§ **DATASET RECORDS**
○ ○ ○ ○ ○

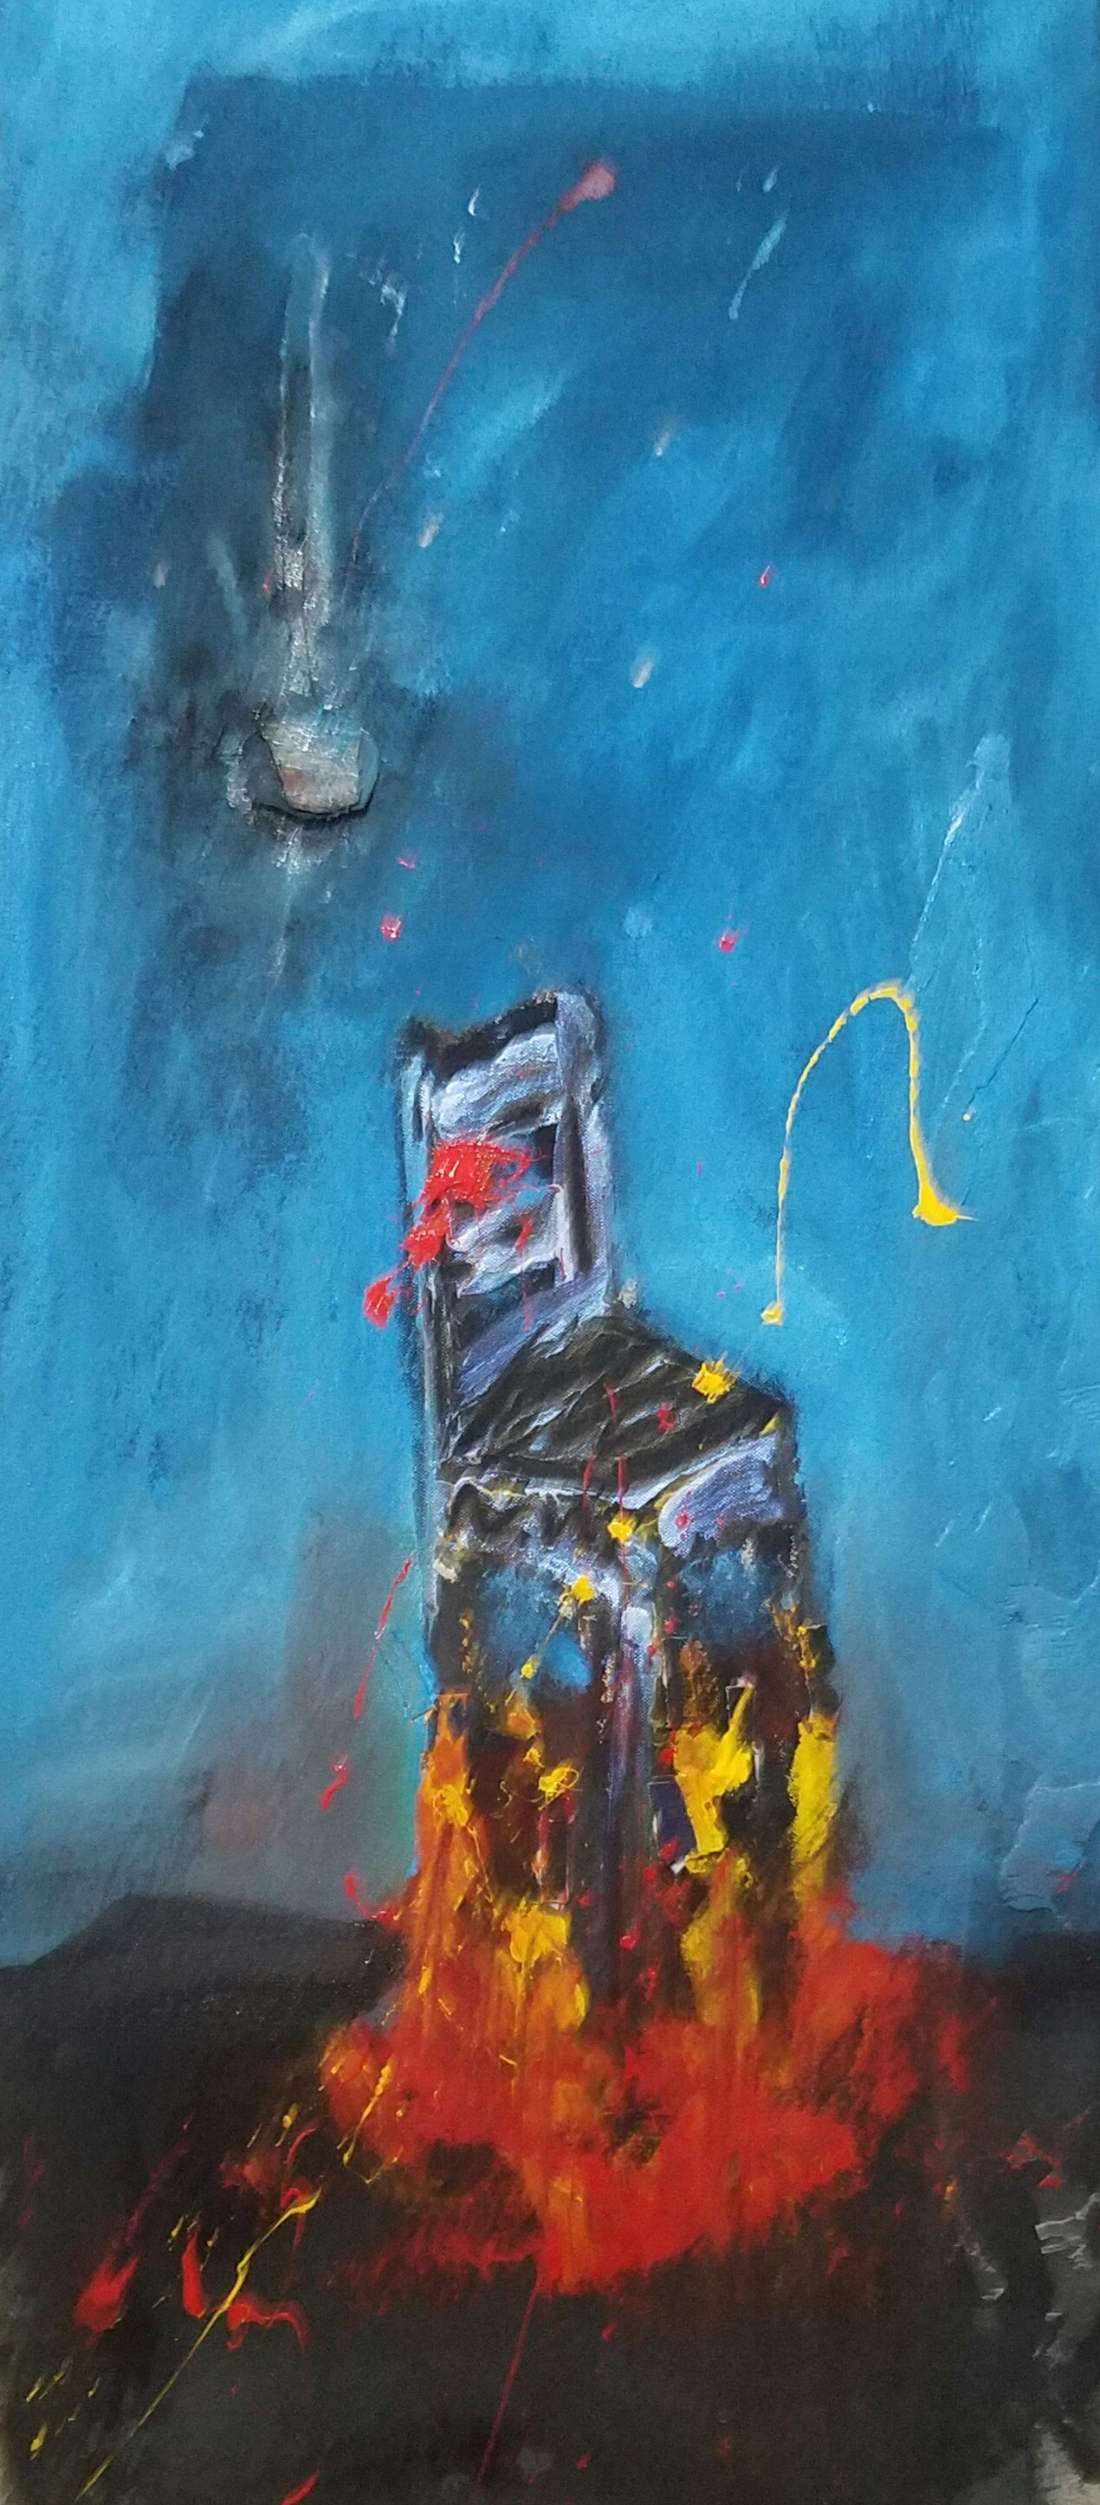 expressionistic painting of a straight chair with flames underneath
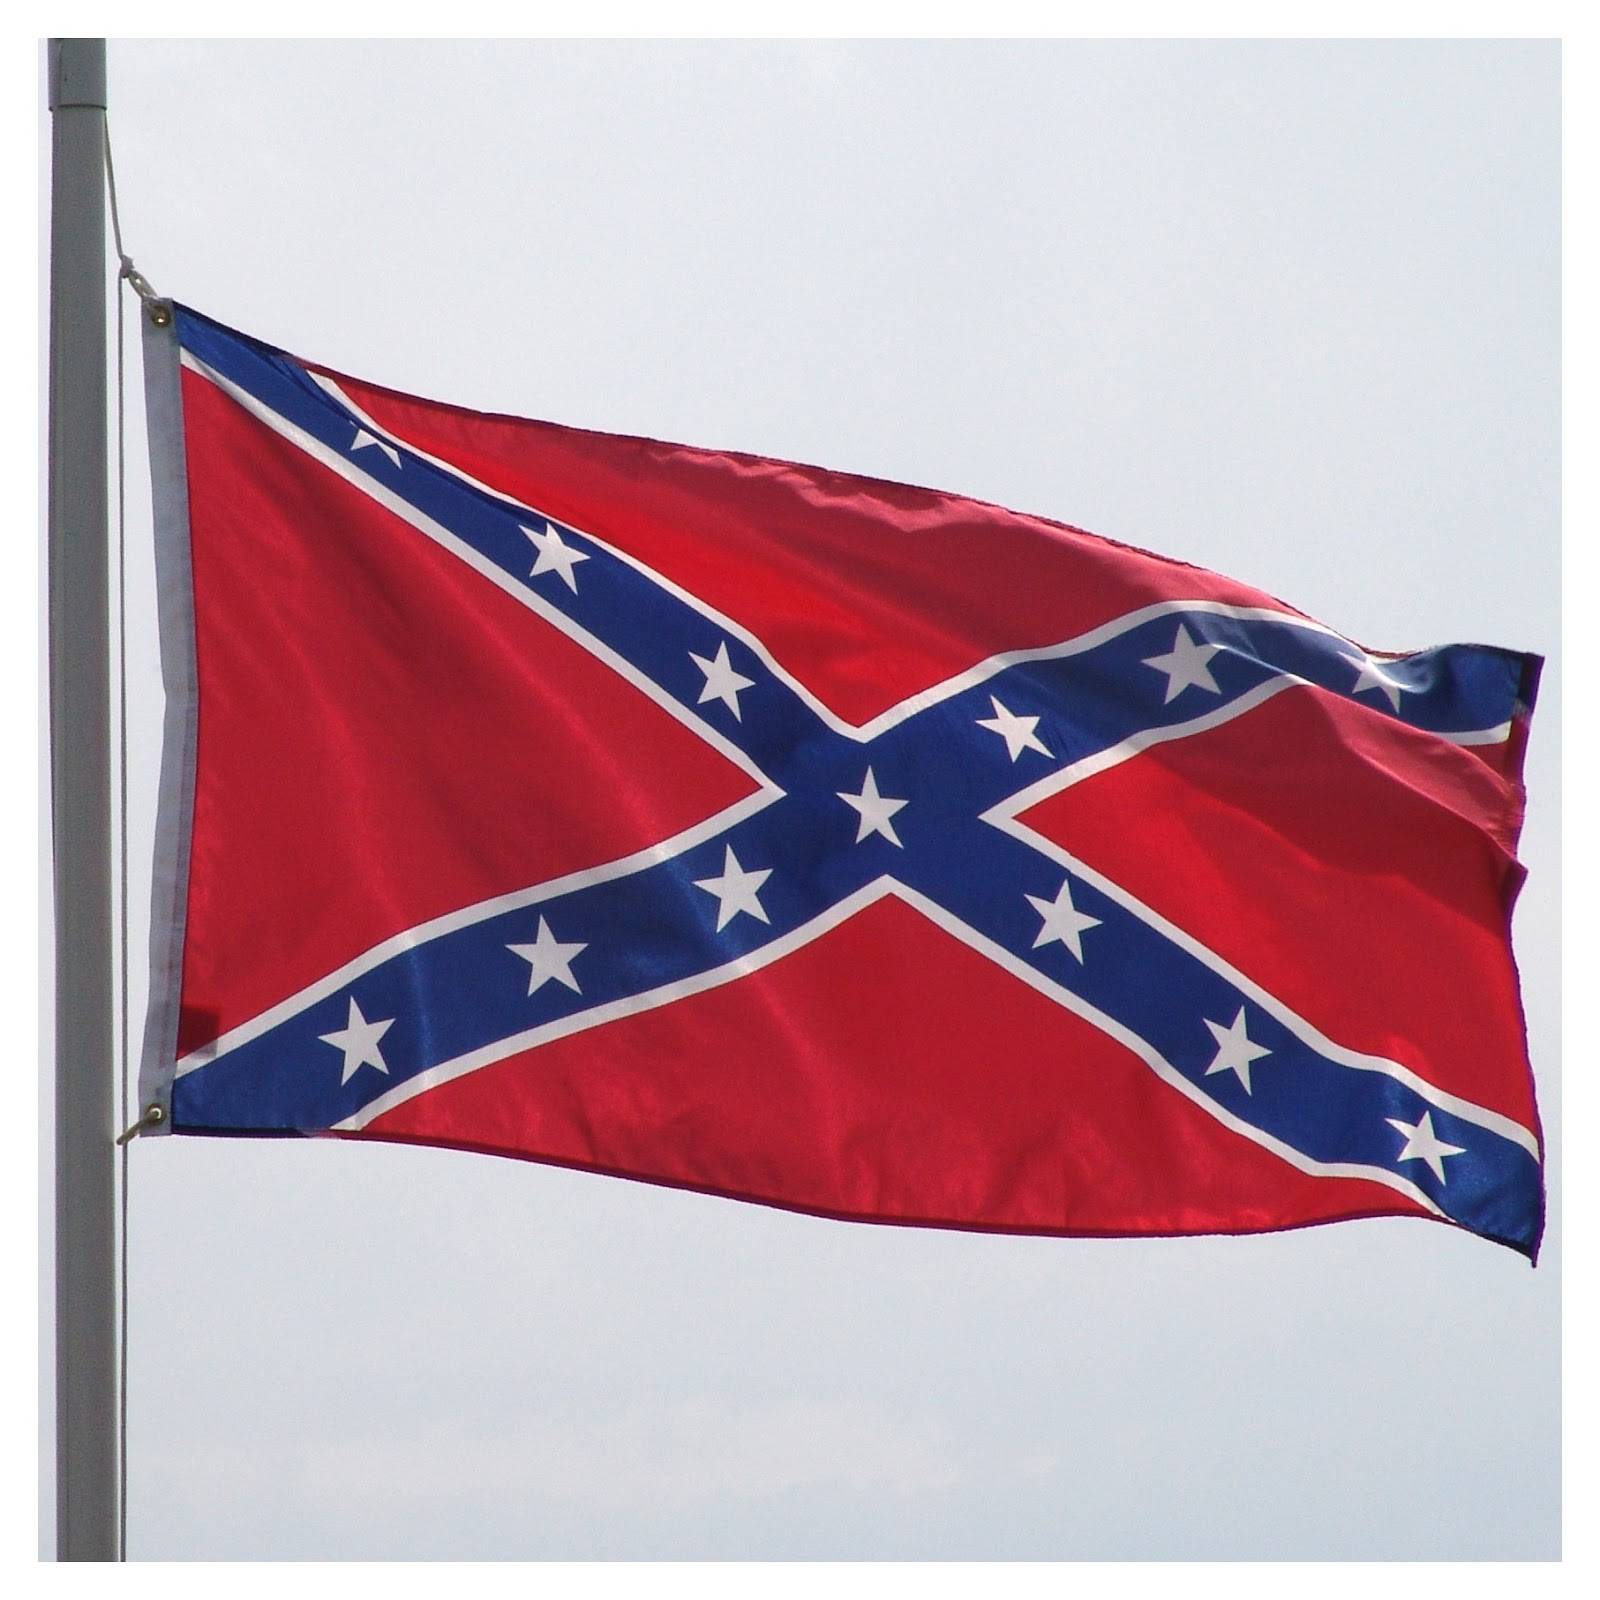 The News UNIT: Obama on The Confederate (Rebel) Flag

○ ○ ○ ○ ○

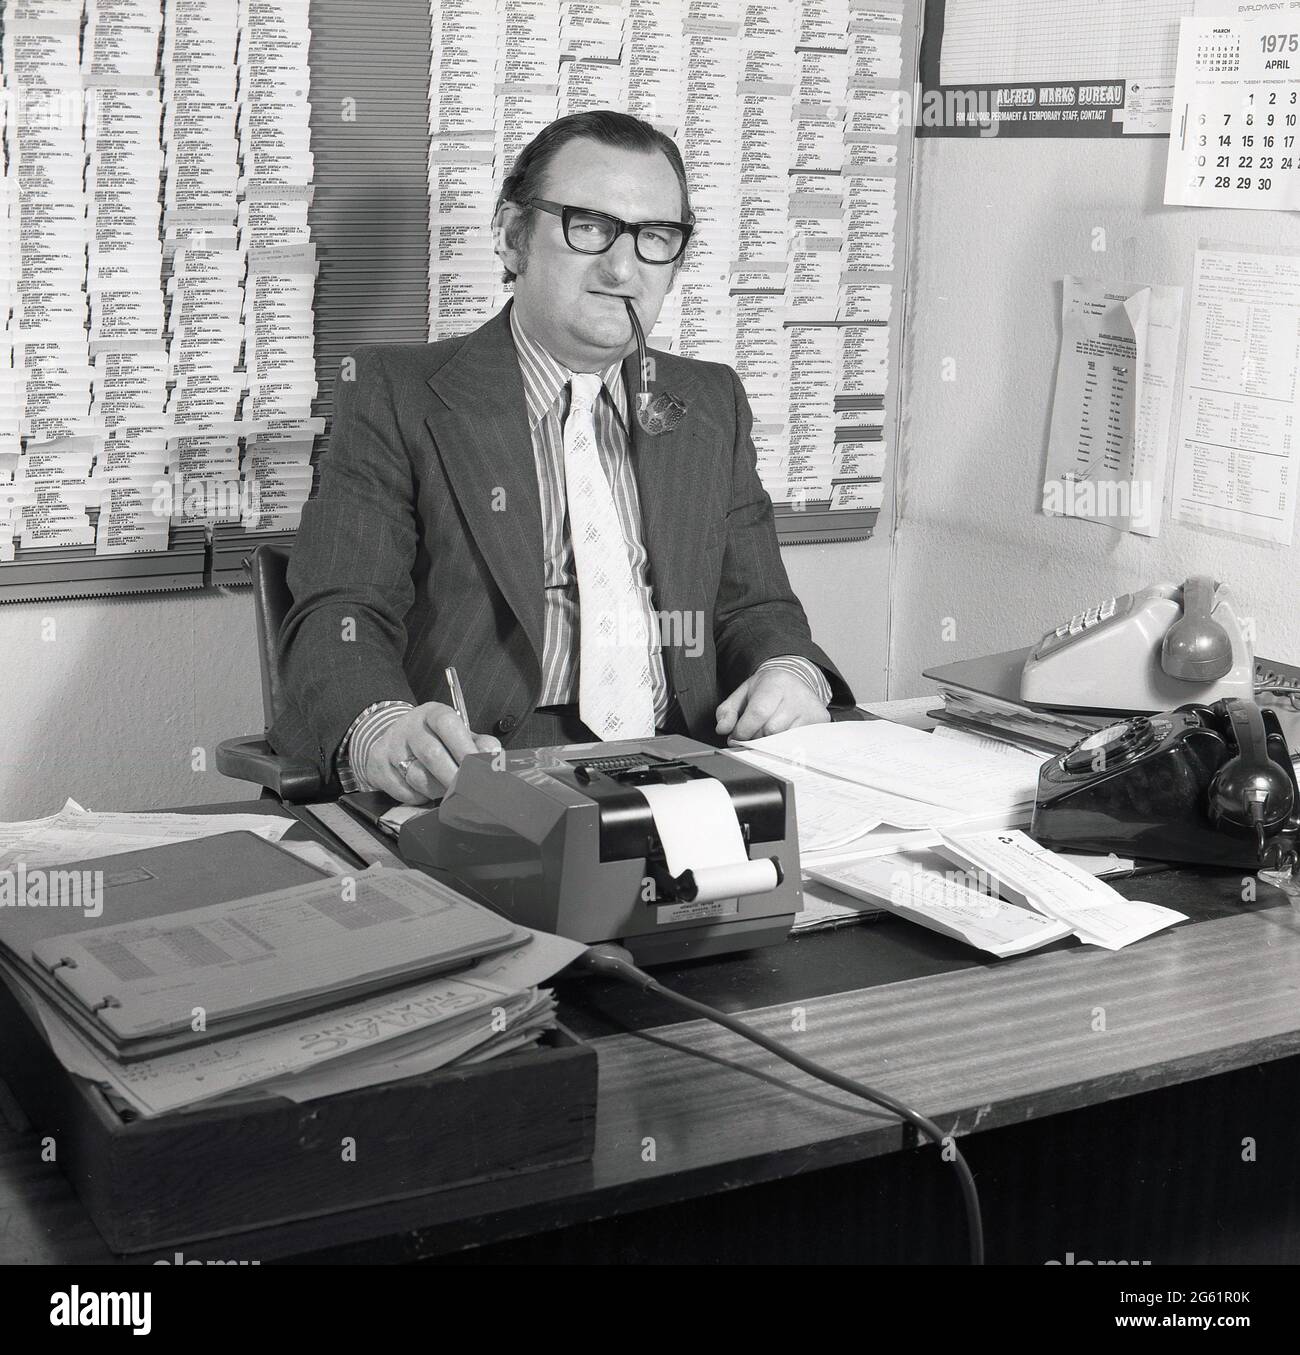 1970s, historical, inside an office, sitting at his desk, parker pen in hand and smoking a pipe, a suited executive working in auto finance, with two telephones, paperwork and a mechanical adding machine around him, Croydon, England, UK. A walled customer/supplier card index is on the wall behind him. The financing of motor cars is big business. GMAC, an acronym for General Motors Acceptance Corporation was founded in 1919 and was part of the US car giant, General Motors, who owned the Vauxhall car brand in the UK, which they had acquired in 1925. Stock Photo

○ ○ ○ ○ ○

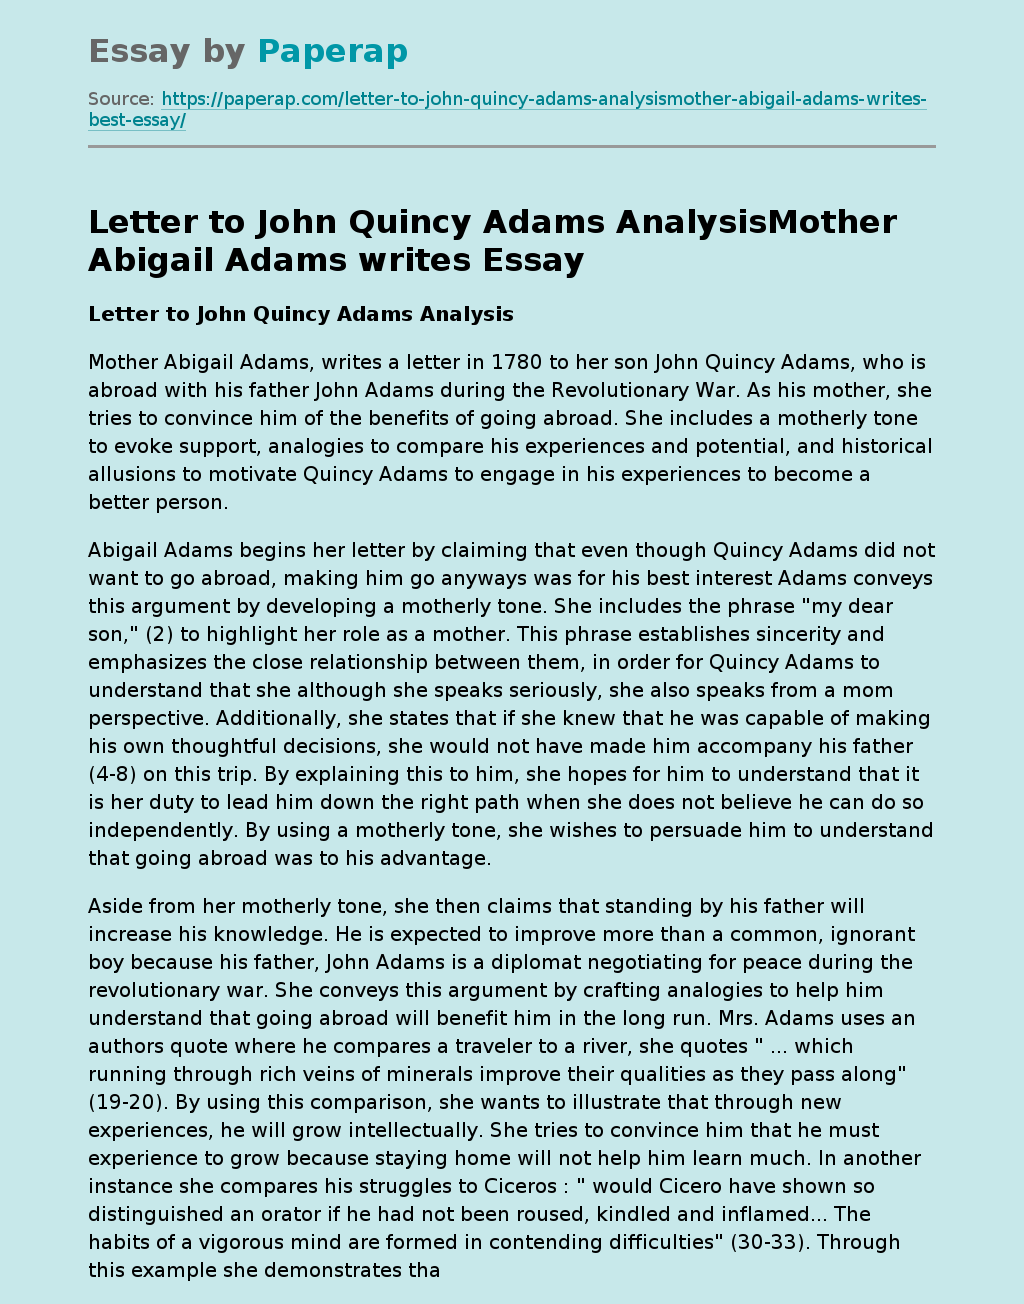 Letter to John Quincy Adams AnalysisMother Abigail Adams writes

○ ○ ○ ○ ○

§ **WORK ITEM**
Only one stretch of the listing is wanted: the lines starting at the one with "expressionistic painting of" and ending at the one with "The News UNIT: Obama", copied exactly and free of pictures.

§ **RESULT OF THE EXERCISE**
 expressionistic painting of a straight chair with flames underneath
 The News UNIT: Obama on The Confederate (Rebel) Flag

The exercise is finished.